There is also the chilling effect that this has on the DOJ, FBI and Intelligence Community in investigating Russia’s ongoing interference in the 2020 election for the benefit of the Trump campaign. There is all the appearances recently of cooperation and coordination between the Trump campaign and Russian intelligence agencies. Is it a Coincidence That Moscow Is Peddling the Same Lies as the Trump Campaign? No.

Because of their highly unethical actions, any announcement of indictments will be tainted as a politically motivated prosecution of Donald Trump’s political “enemies,” i.e., patriotic public servants who were doing their job in the unimaginable circumstance of a presidential candidate who was a traitor to his country.

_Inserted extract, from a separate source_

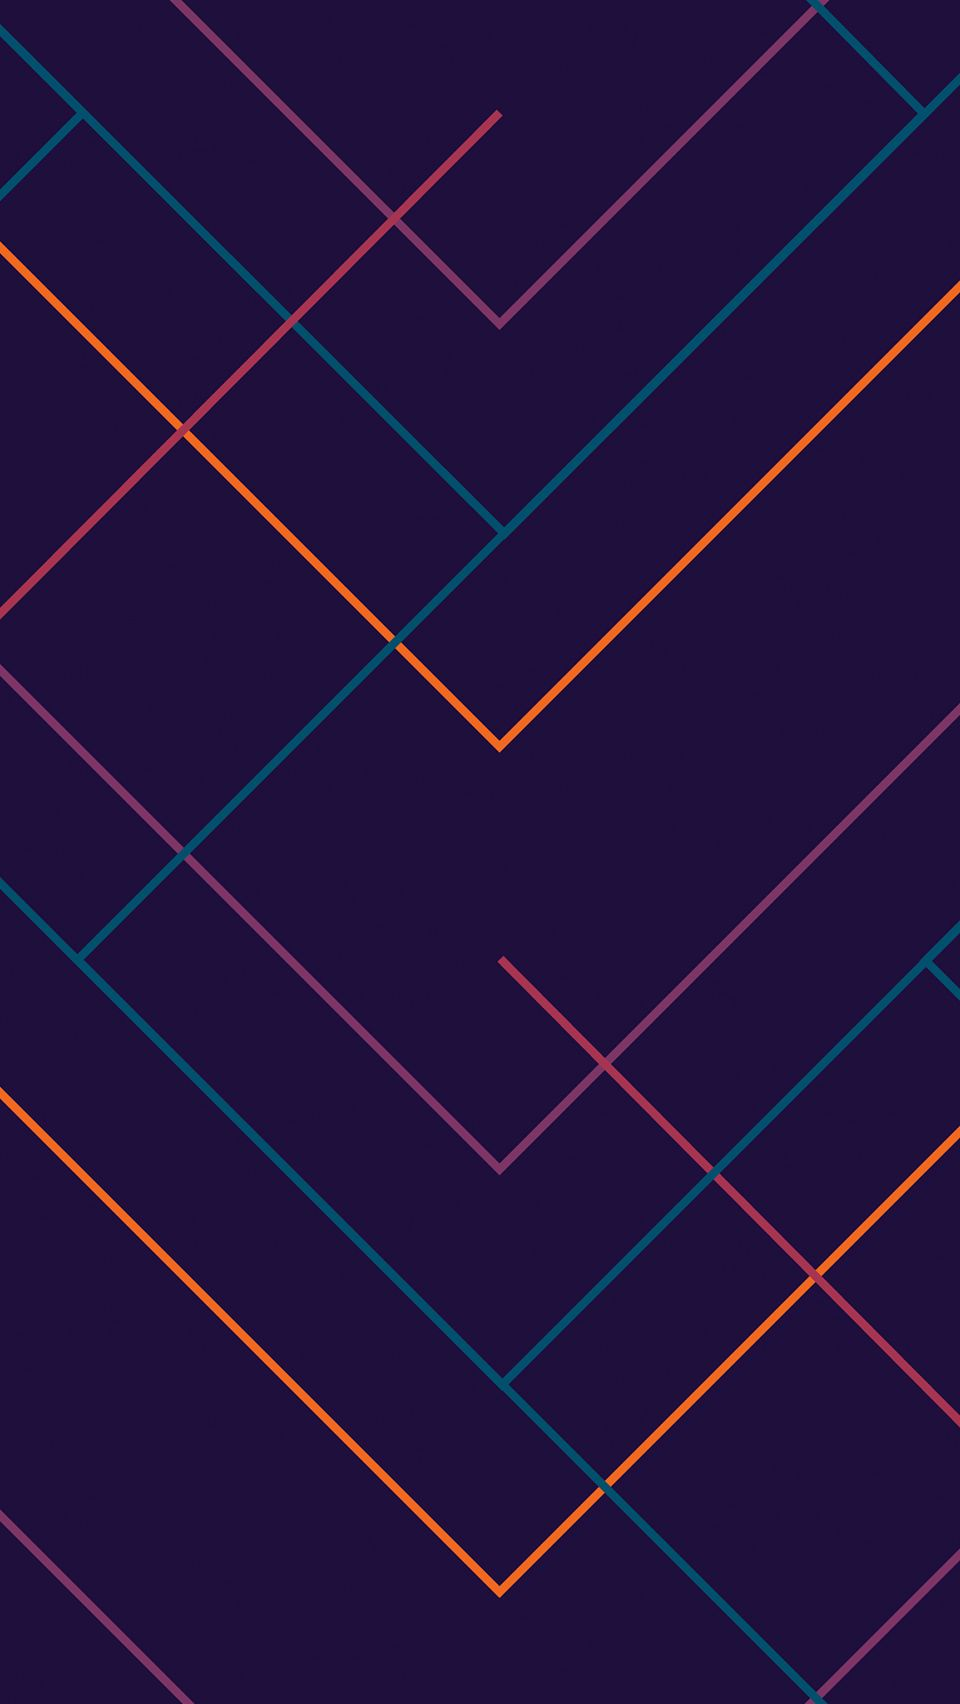 Download 92 Koleksi Wallpaper Simple Paling Keren

When Bill Barr does make his announcement, mark your calendars that day as the day that America officially became a banana republic under the rule of a tyrannical wannabe tin pot dictator.




1 thought on “Update to ‘Billie belongs behind Barr’s’ October surprise”

  1. Good article and here’s more news that the Justice and Homeland Security Dept. has been politicized. The former head of intelligence and analysis at the Dept. of Homeland Security filed a whistleblower complaint Tuesday, accusing the White House of asking him to hide any information that showed Russian election interference in 2020 and that white nationalists are the largest homeland security threat.
    It’s an old trick by DT-mentor Roy Cohn. Accuse someone else of doing the illegal things you are doing.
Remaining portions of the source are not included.